### Your objective:
When copying the data below, keep only the lines from the one with "Dried leaves background, leaves" through the one with "An icon or badge", word for word, and skip the pictures.

### Records supplied:

##########

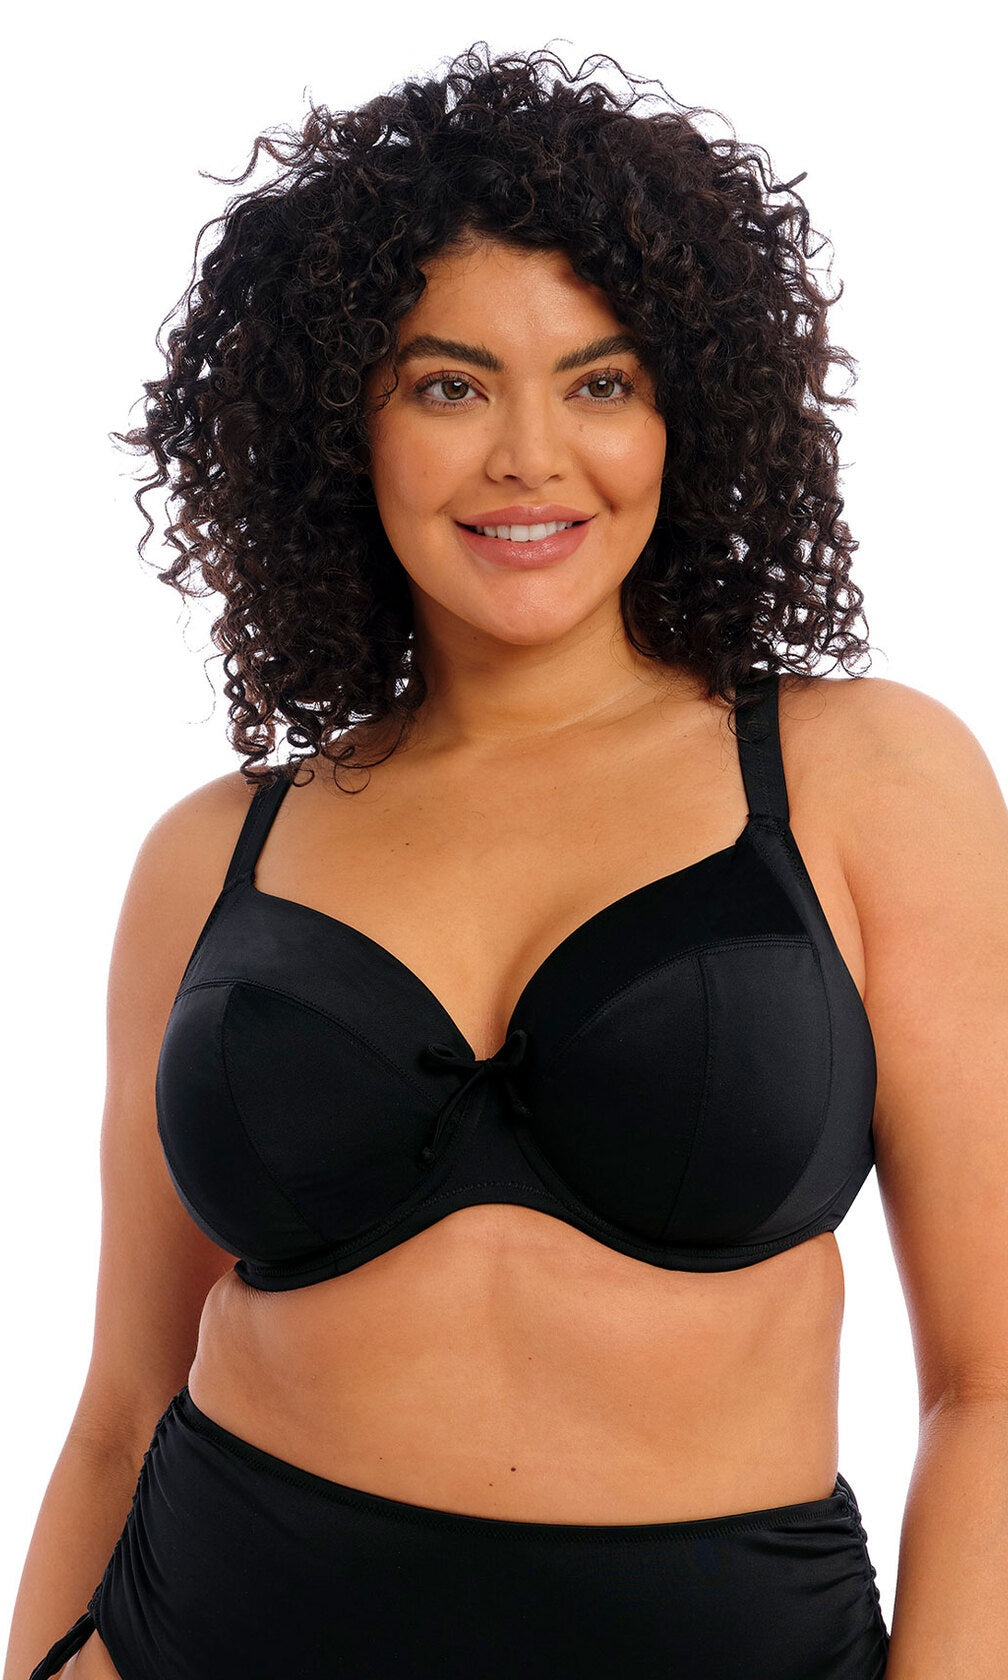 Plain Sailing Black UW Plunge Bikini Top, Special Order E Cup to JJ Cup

##########

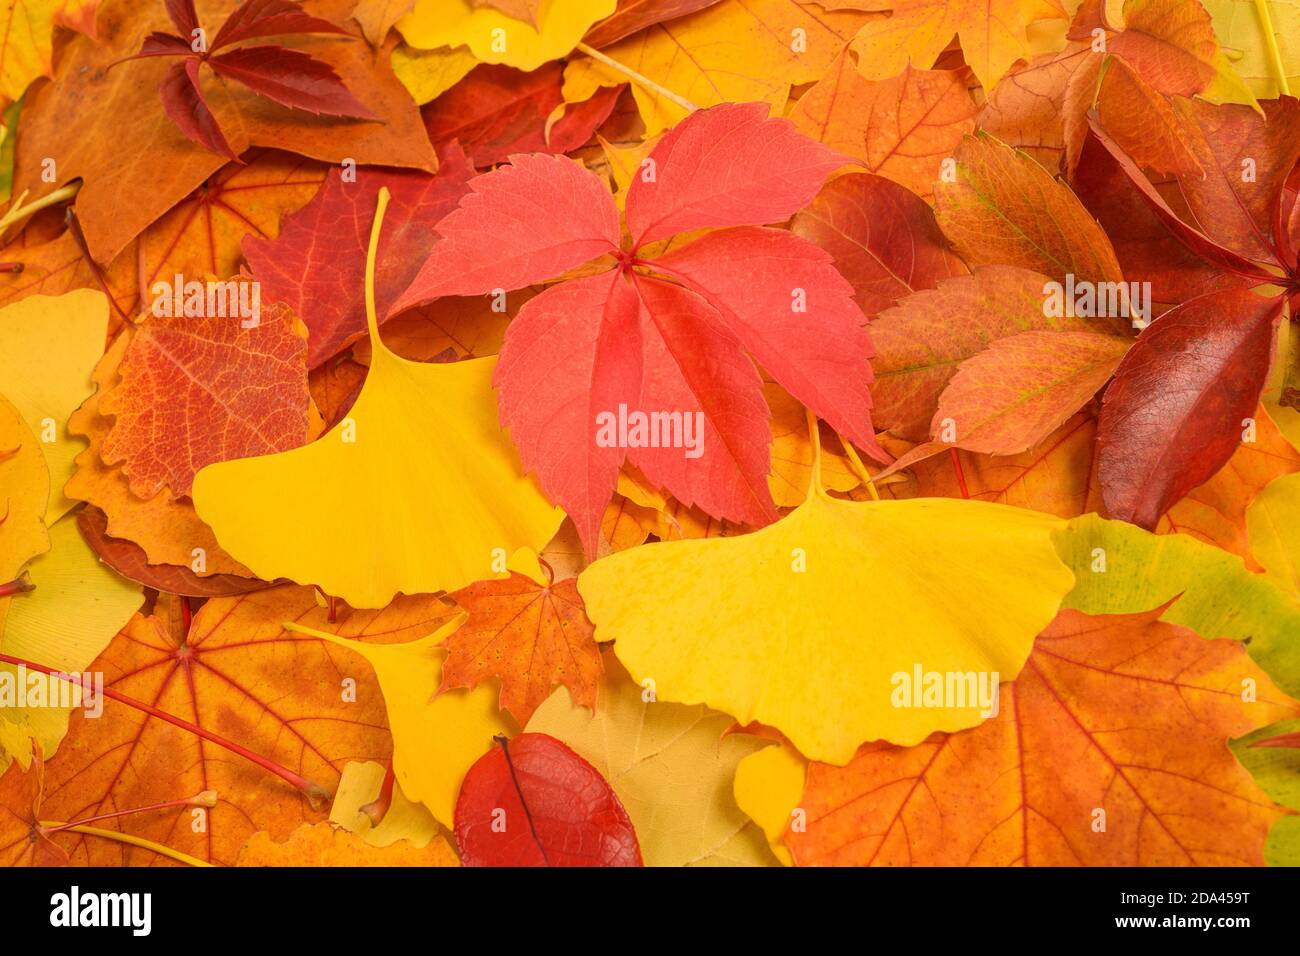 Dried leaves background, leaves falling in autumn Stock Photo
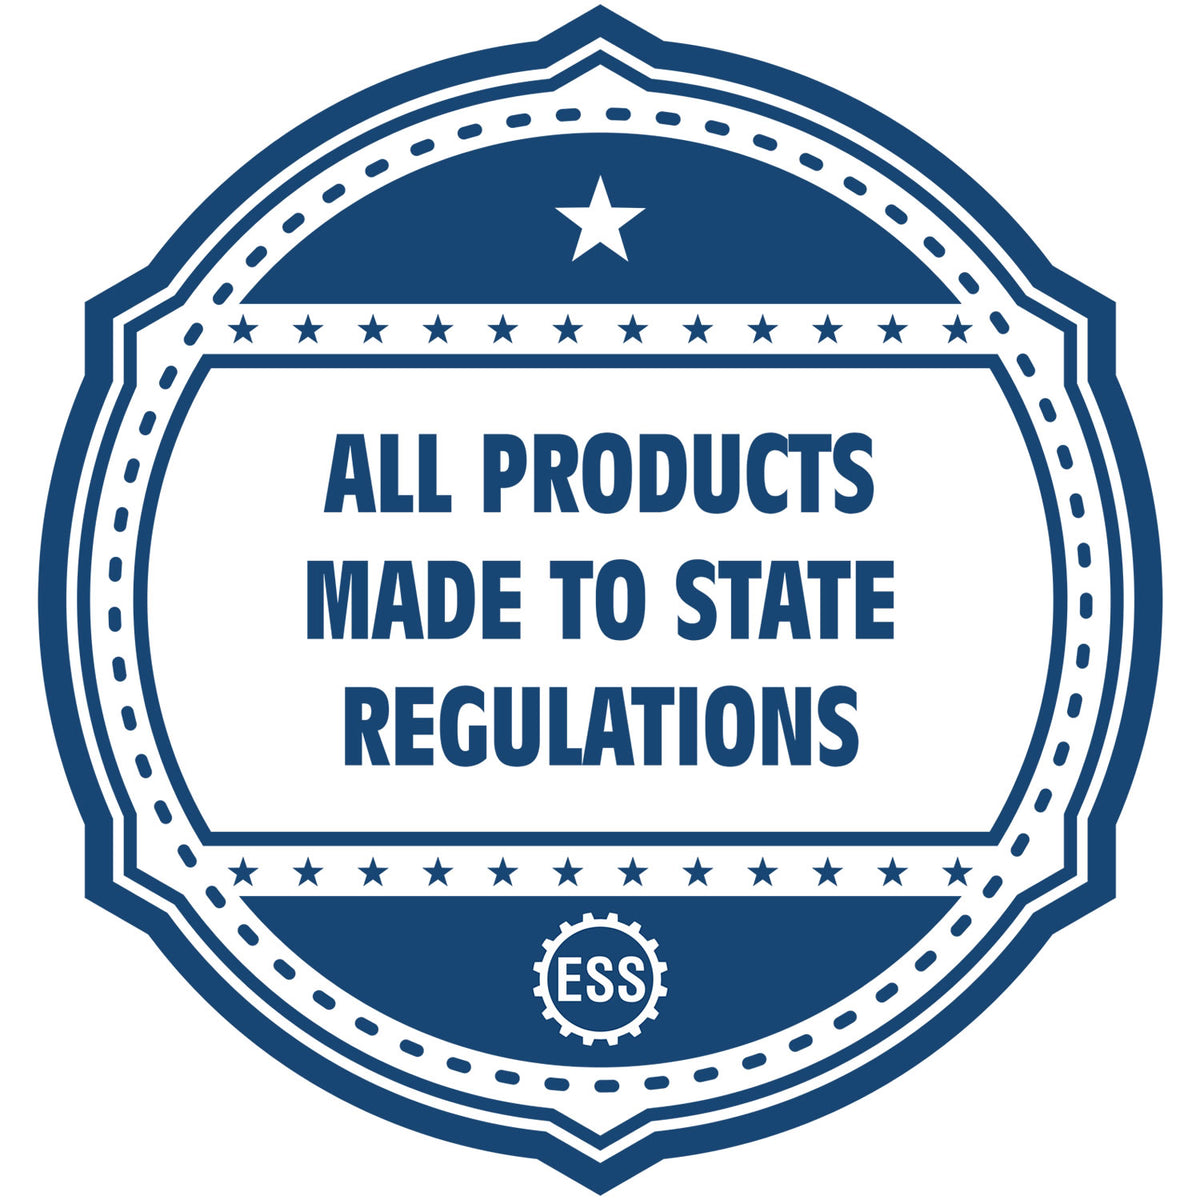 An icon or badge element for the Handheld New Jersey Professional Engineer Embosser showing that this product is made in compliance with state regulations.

##########

### Written reply:
 Dried leaves background, leaves falling in autumn Stock Photo
 An icon or badge element for the Handheld New Jersey Professional Engineer Embosser showing that this product is made in compliance with state regulations.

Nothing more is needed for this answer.